When I open my eyes, Molly is standing at the street corner across from me. She’s wearing jeans, tennis shoes, and a dark jacket. Her curly hair is cut short and pulled back. There is almost no ash on her, and she seems different. Older.
The bottle drops from my hand, spilling onto the street, as I leap to my feet.
“Molly!” I shout.
She turns, moving away from me and is soon obscured by the gray smoke and crowds of people. I fumble with my camera, raising it to my eye, but the lens cap is on. I rip it off, snapping a picture.
“Molly!” My voice sounds strained and hoarse.
I run across the street, shoving someone out of the way. Nobody seems to notice or care about what I’m doing.

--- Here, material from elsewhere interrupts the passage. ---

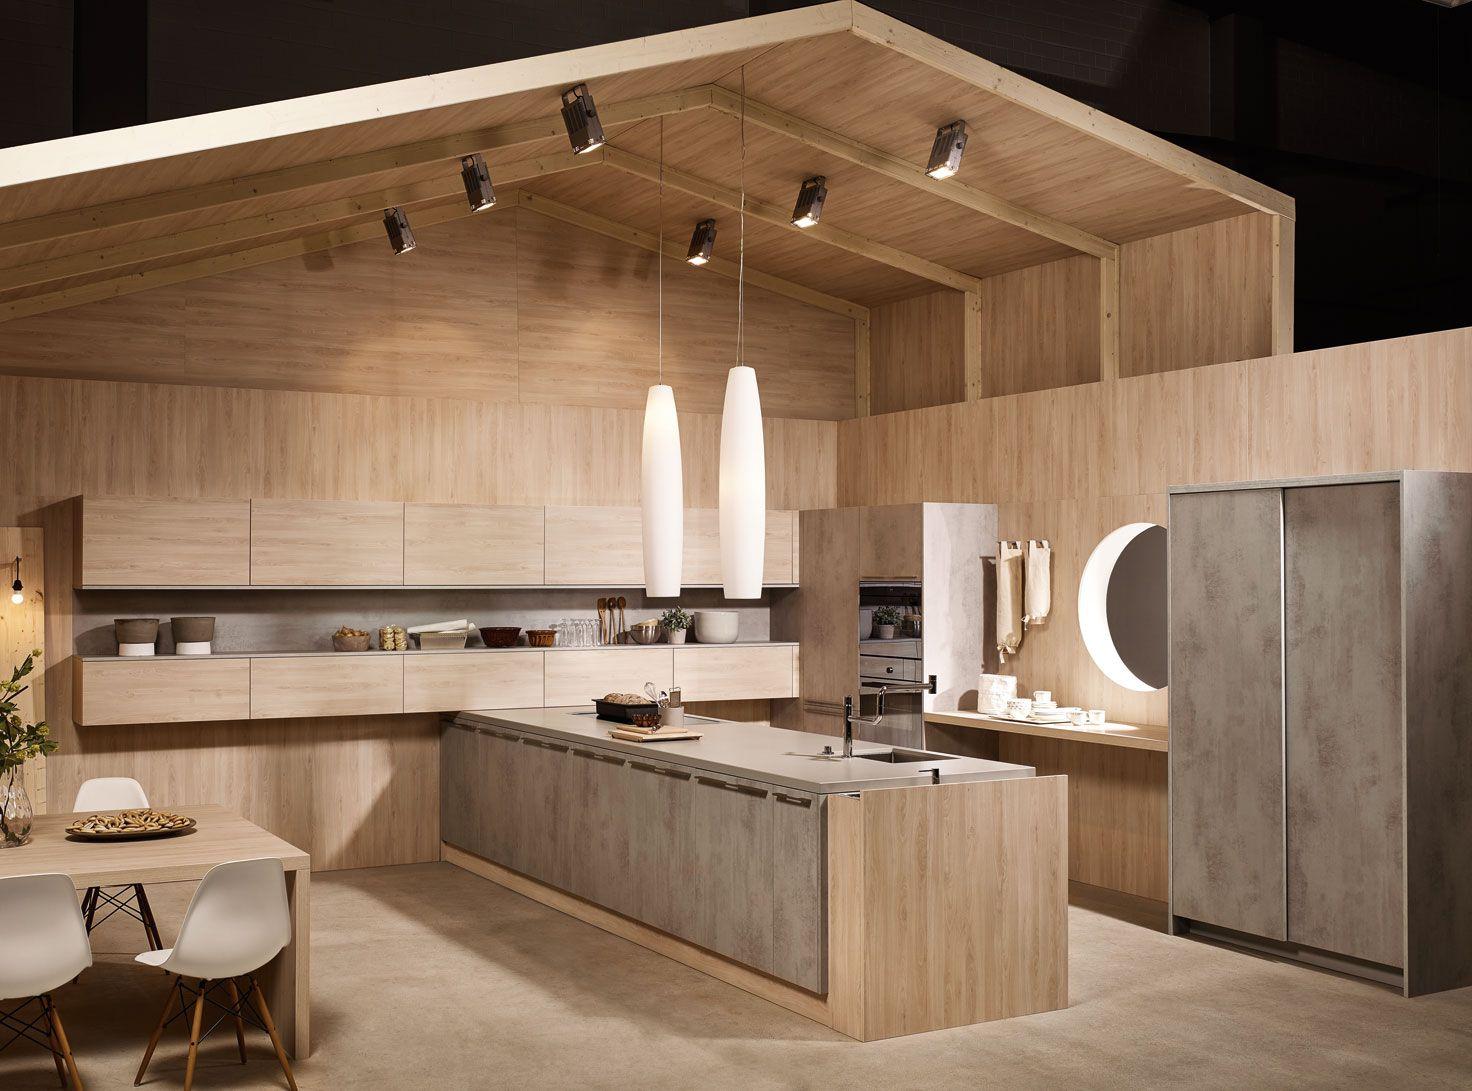 KH Küche: Beton Grau + Fjord Buche Natur / KH Kitchen: Concrete Grey +
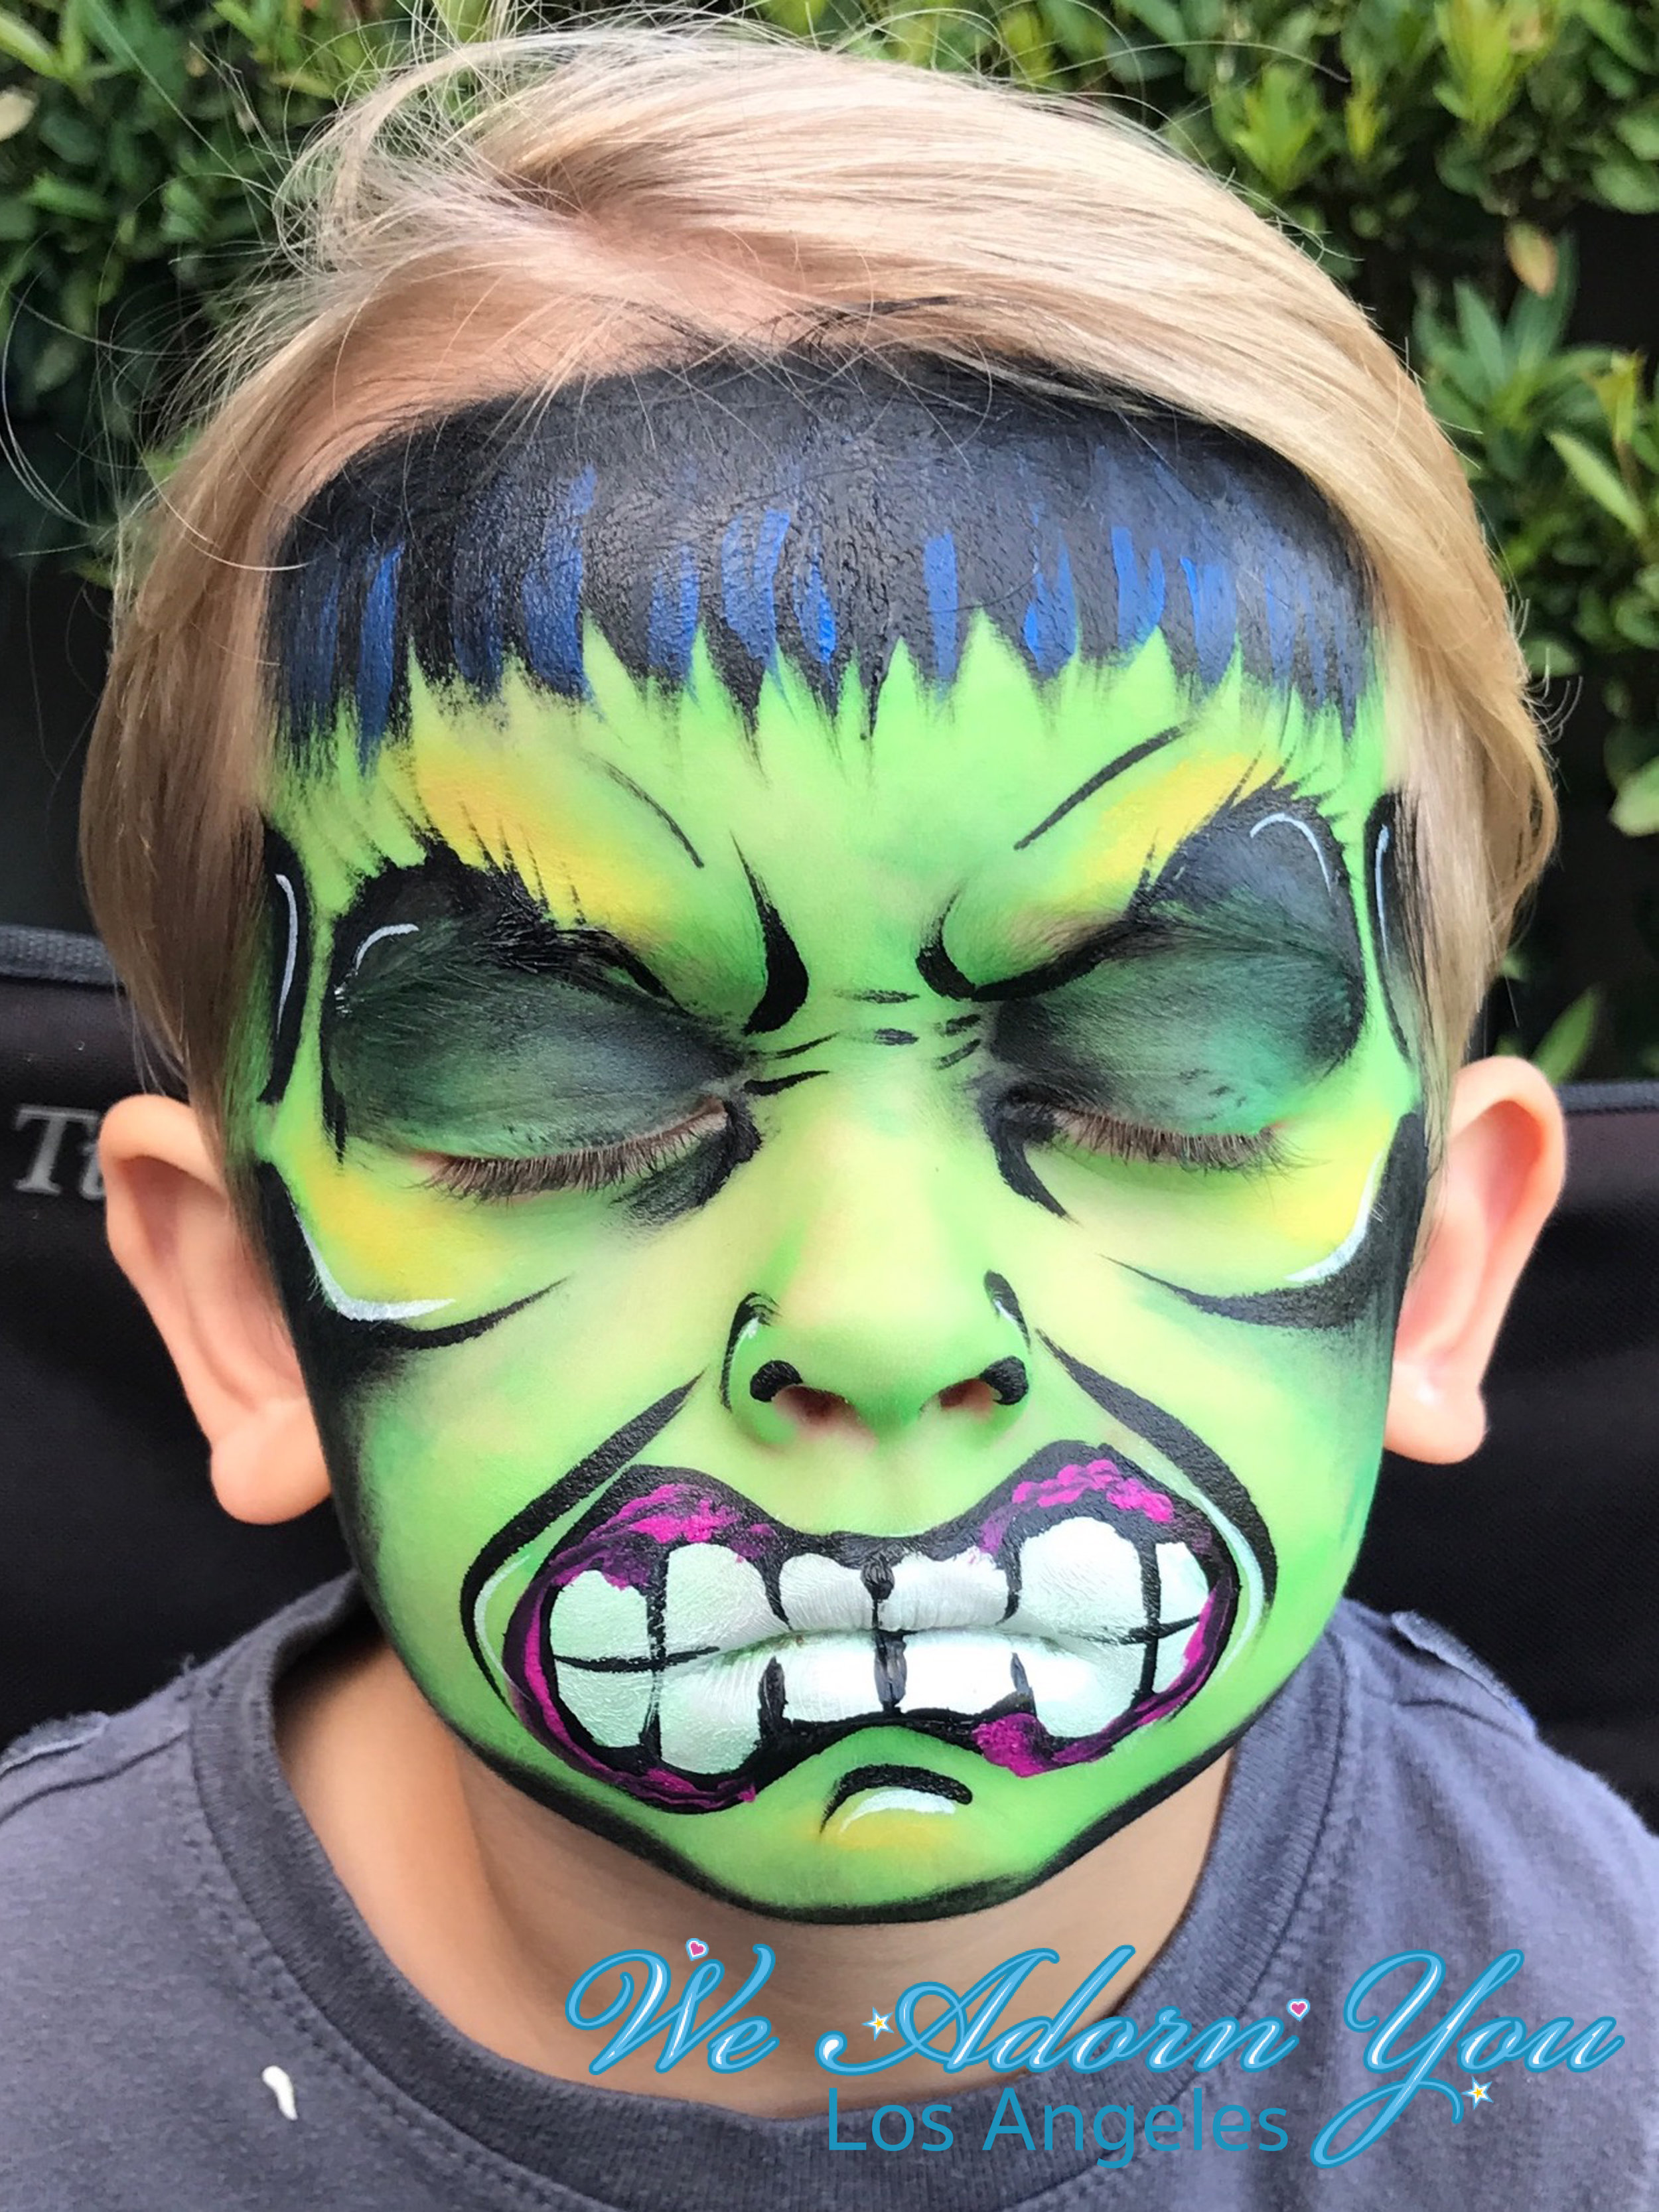 We Adorn You Los Angeles Face Painitng Hulk.jpg

I’m not the only one who’s done this today, who’s run down the street screaming the name of a loved one. But I might be the only person chasing a woman who’s already been dead for two years.
There’s a break in the crowd of people and I see her again, dark curly hair bobbing in the crowd.
“Molly!” I shout again.
Why doesn’t she hear me? Why doesn’t she turn around?
Molly turns, crossing the street toward a crowd of emergency vehicles. I surge forward, racing across the street. Briefly I get a clear glimpse of her as she moves across the street. She reaches into a jacket pocket, pulls out a pair of sunglasses, slips them on, and disappears behind a fire truck.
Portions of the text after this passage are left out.